—Bueno, el día después de la boda de Iselle, naturalmente.
—¿No el día anterior? En ese caso, parece ser que Martou de Jironal estaba extrañamente mal informado. Por no hablar de la precipitación de algunas de sus acciones. Y… se me antoja una suerte perversa, morir justo el día antes de que te rescaten.

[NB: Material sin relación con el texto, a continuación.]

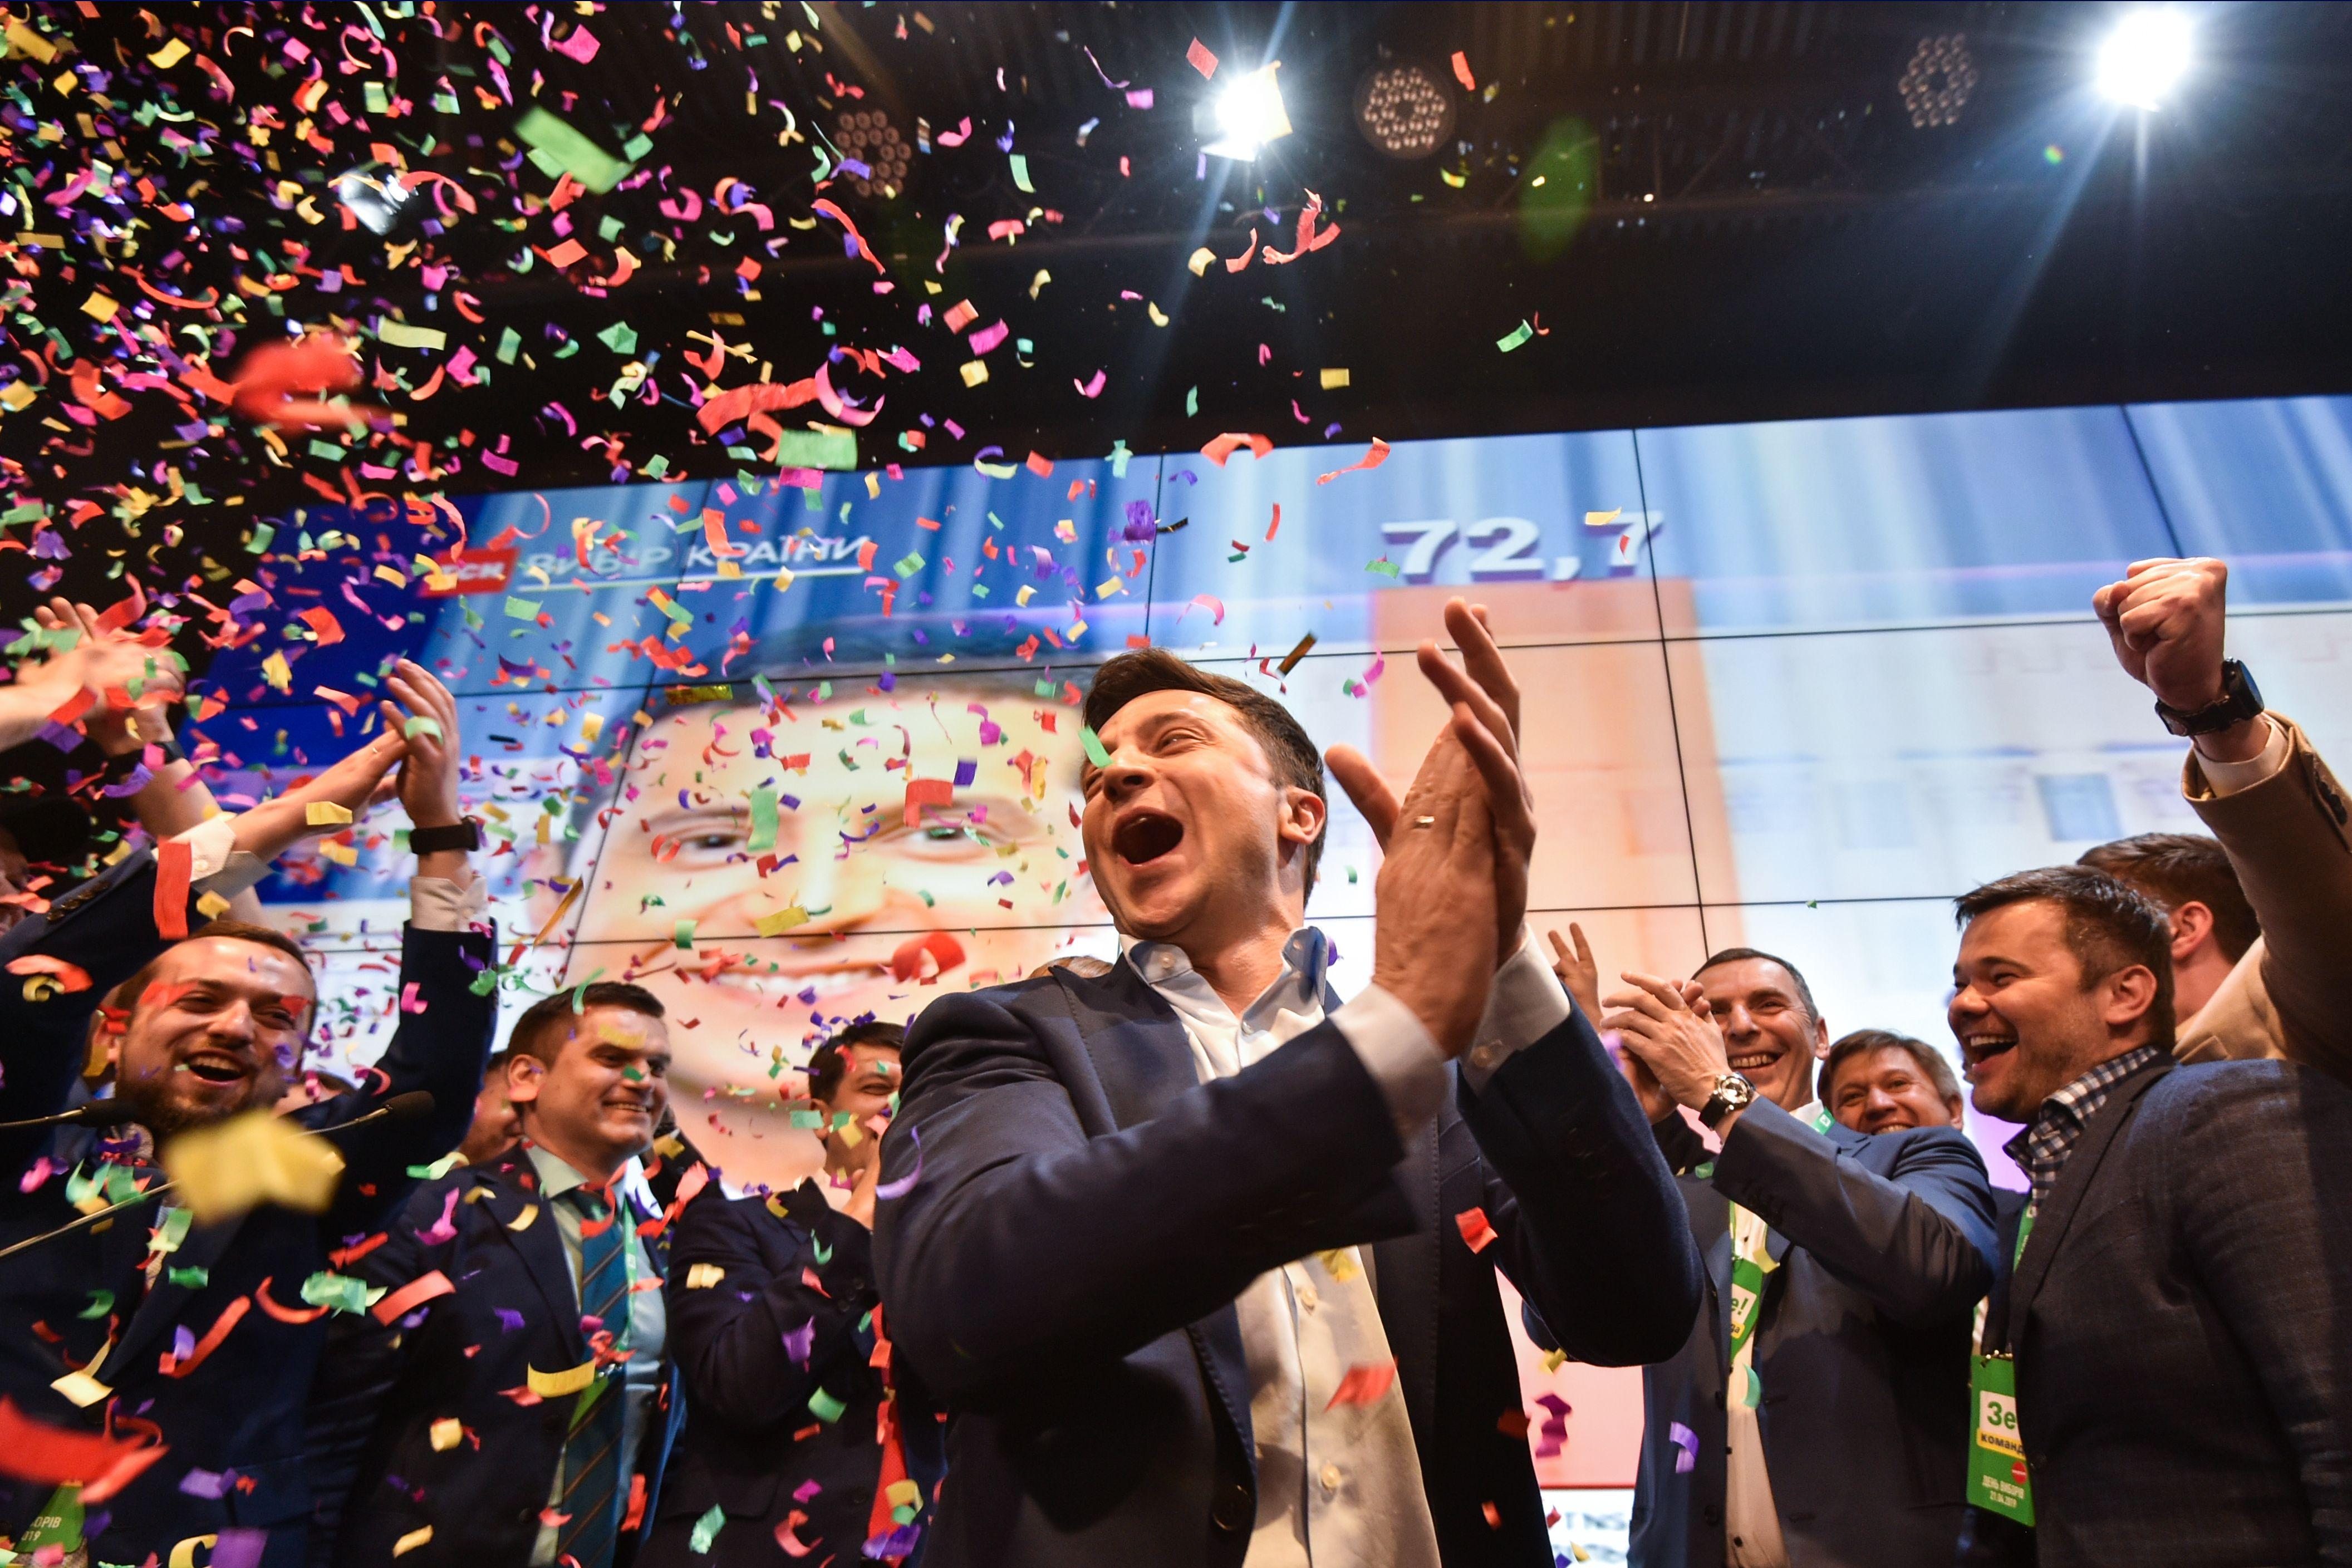 烏克蘭大選出口民調:喜劇演員輕鬆獲勝

—El médico de Orico, y el archidivino Mendenal, y yo misma, todos los que cuidamos juntos de él, juraremos que Orico vivió para hablarnos toda esa tarde y esa noche, y que no exhaló su último aliento hasta la mañana siguiente. —Le sostuvo la mirada con firmeza, con los labios petrificados en la misma sonrisa sombría—. De modo que el enlace de Iselle y el róseo Bergon es innegablemente válido.

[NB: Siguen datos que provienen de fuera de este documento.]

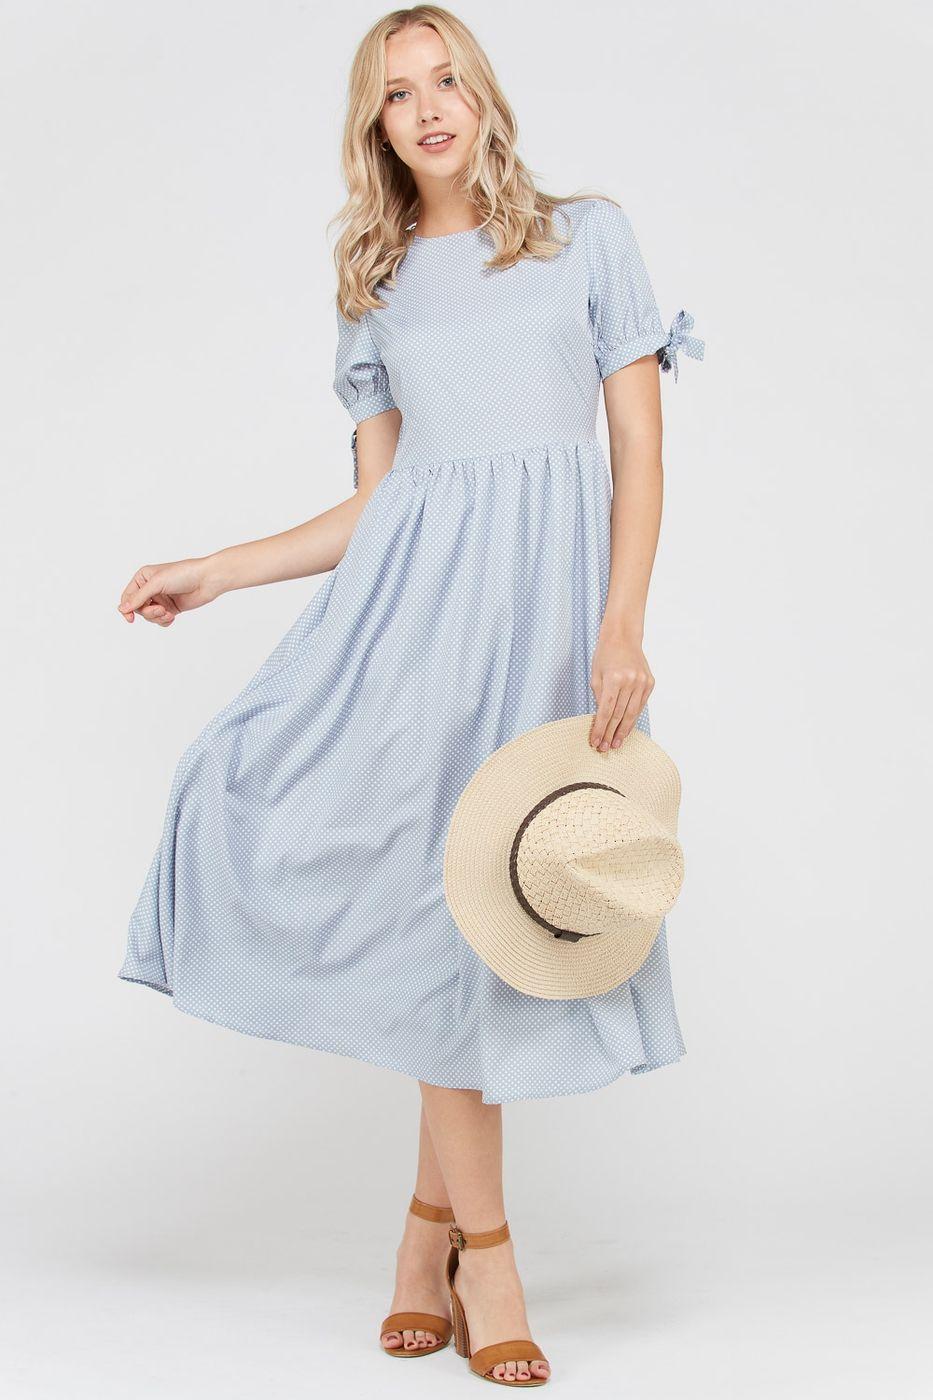 Perfect Summer Dress   Summer dresses, Evening dresses ...

Así se privaba de recursos legales a cualquier lord despechado que pretendiera desafiar la legitimidad de la boda. Cazaril se imaginó a Sara, su larga vigilia secreta durante todo un día junto al lecho de su esposo, frío e hinchado. ¿En qué habría pensado, qué reflexiones habría hecho, mientras transcurrían las horas en aquella cámara sellada? Y aun así había convertido aquel horror en un pragmático obsequio para Iselle y Bergon, para la Casa de Chalion que ahora abandonaba. Se la imaginó de repente como a una hacendosa ama de casa, barriendo por última vez las viejas habitaciones familiares, dejando un jarrón con flores encima de la chimenea para los nuevos propietarios.

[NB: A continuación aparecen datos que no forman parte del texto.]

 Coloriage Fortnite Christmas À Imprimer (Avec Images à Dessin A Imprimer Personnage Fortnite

—Creo… creo que lo entiendo.
—Yo también creo que lo entendéis. Siempre habéis sido muy perspicaz, castelar. —Un instante después, añadió—: Y muy discreto.
—Gajes del oficio, royina.
—Habéis servido bien a la Casa de Chalion. Quizá mejor de lo que se merecía.
—Aunque no la mitad de bien de lo que necesitaba.
Sara suspiró, mostrándose de acuerdo.
Cazaril se interesó educadamente por sus planes; la viuda regresaba a su provincia natal para ocupar una hacienda sobre la que tendría todos los derechos. Parecía más ansiosa que resignada por salir de Cardegoss y dejárselo a sus sucesores. Cazaril se puso de pie y le deseó buena suerte y buen viaje, de corazón. Le besó las manos; ella a cambio le besó las suyas y, brevemente, le rozó la frente con las yemas de los dedos cuando se inclinó ante ella.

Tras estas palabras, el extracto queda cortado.